Heya, it's me, Buddy, back to help you take the next step forward on the path to a better understanding.  I reviewed your homework from last time, and you didn't understand the point of the cold ham, but otherwise it was a good attempt.  Don't worry about it for the moment, there will come a time when suddenly everything will fall into place.  For me, it was while I was on a walking tour of Chinese firework factories, which was unfortunate.  You can read about it in the newspapers of the time.

Today, I have a little story for you about... well, listen to the story, and maybe you can tell me what it's about!

A couple of years ago I was working in a large office that was predominantly open-plan except for offices for the more senior managers.  Those offices had glass walls and doors, which made them little more than ovens in summer.  There's a moral there in itself: he who dwells in a glass office cubicle should beware flammable paperwork; but that wouldn't be relevant for a couple of months.  I was sat at my desk meditiating on the optimal solution for Minesweeper, when a colleague of mine approached.

"Buddy, hi!" he said with a bonhomie that I immediately felt was false.  "I was wondering if you could help me out with some furniture?"

I paused for thought.  Although this is not the strangest question I've been asked, either before or since, it was certainly a puzzling one.  However, my fantastic intellect coped as I expected.

"I think you want George in Accounts," I said loudly.  "He hires himself out as furniture on the weekends.  Although I think he prefers to be naked."

My colleague looked a little stunned and his face gradually suffused with red until he looked like a blushing Weeble.  I wondered if indeed he would wobble but not fall over, but couldn't reach him across my desk.  "Er, no, Buddy, that's not what I meant," he said quietly, leaning in a little.  "I meant, I'm moving into a new flat on the weekend and it's unfurnished.  I was thinking you might have some old furniture you don't want any more than you could let me have.  Maybe you could drop it round on Saturday afternoon?"
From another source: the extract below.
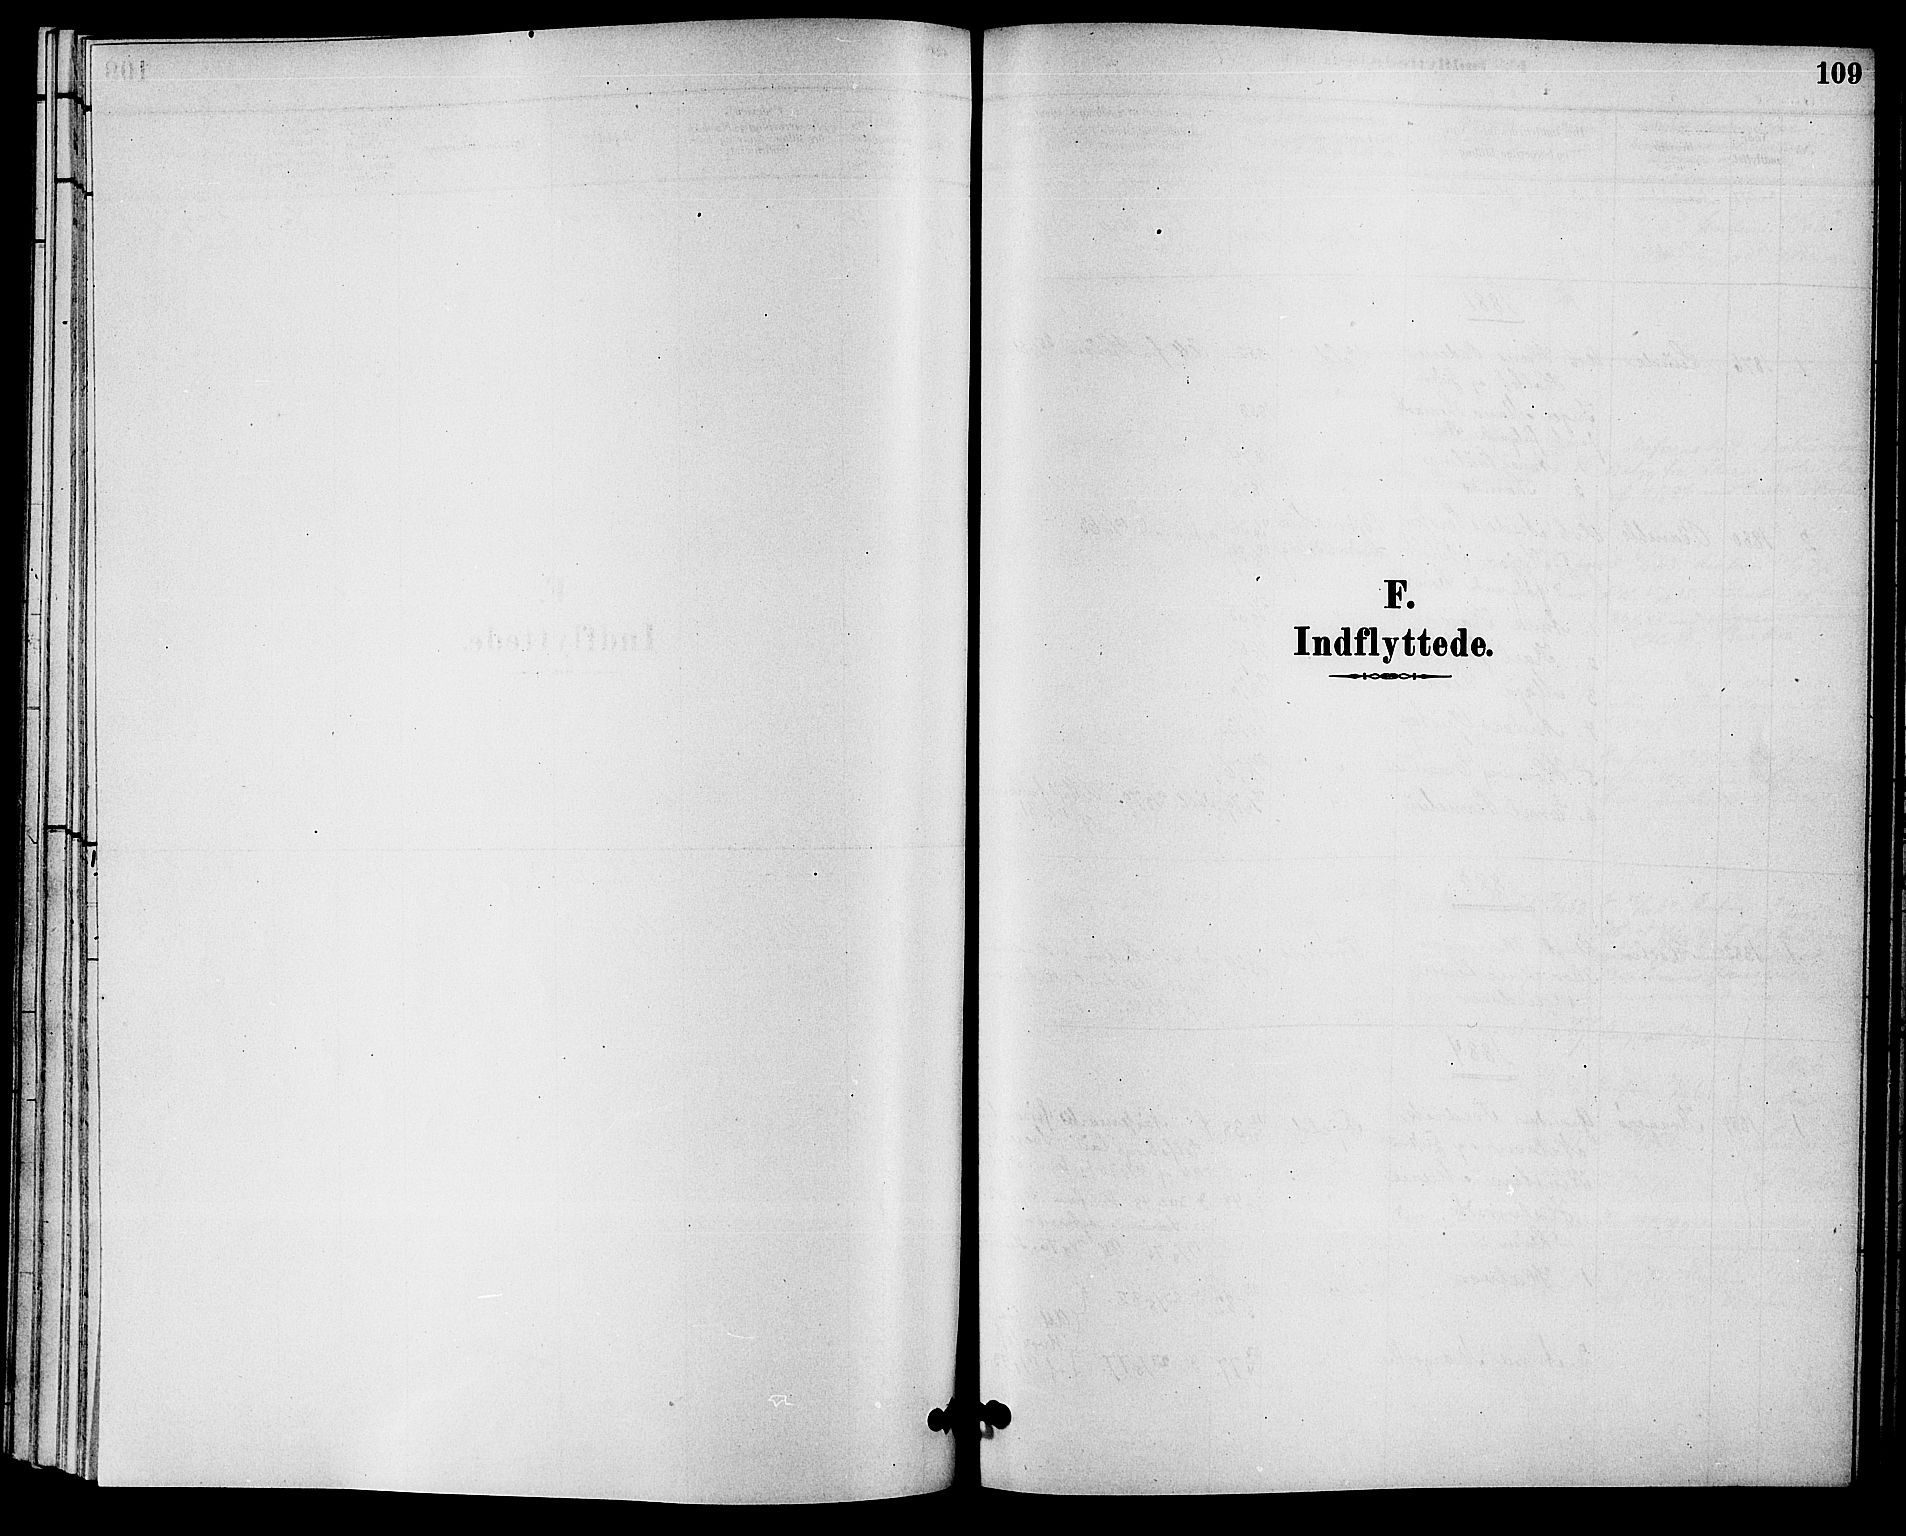 SAKO, Solum kirkebøker, F/Fc/L0001: Ministerialbok nr. III 1, 1877-1891, s. 109

At that time I wasn't fully enlightened and I still had some lingering attachments to material things, but I had succeeded in giving up quite a lot of my possessions already.  I had little intention of surrending the little I had left.

"You must ask yourself," I said, lifting my hands up, "if these are the hands of a carpenter.  If they are not, then why would you expect me to have an excess of furniture?  You attach yourself too easily to material objects.  Whereas I must take the low road, and suffer the degradation of owning, of possessing, of enslaving the material world and denigrating myself, debasing myself in the gutter of ownership and washing myself in the filth of purchase, you have the chance to start afresh, to free yourself from the sins of your father and to bask in the reflected glory of the already enlightened.  A lack of furniture is the obvious way to rid yourself of all possessions, and all the psychological ties that are associated with them.  Untie the bonds and free your spirit!  Burn your books and your bra, deny yourself the comfort of a feather bed and sleep instead on the simple earth and commune with it.  Learn about it as it already knows about you, and appreciate what it can teach you.  Aim for enlightenment, for to aim lower is to deny yourself the fullness of what you can become."

"...thanks Buddy..." he muttered, plucking at his shirt where his bra-straps were showing.  He shuffled away not talking to anyone and reminding me again of a weeble.

A few days later, just before the weekend, he fell down fourteen flights of stairs, thus revealing to me that some weebles don't wobble but do fall down.

The moral of this tale, therefore, is that George from Accounts offers very reasonable rates to impersonate furniture, although it is better not to have guests round when he is working.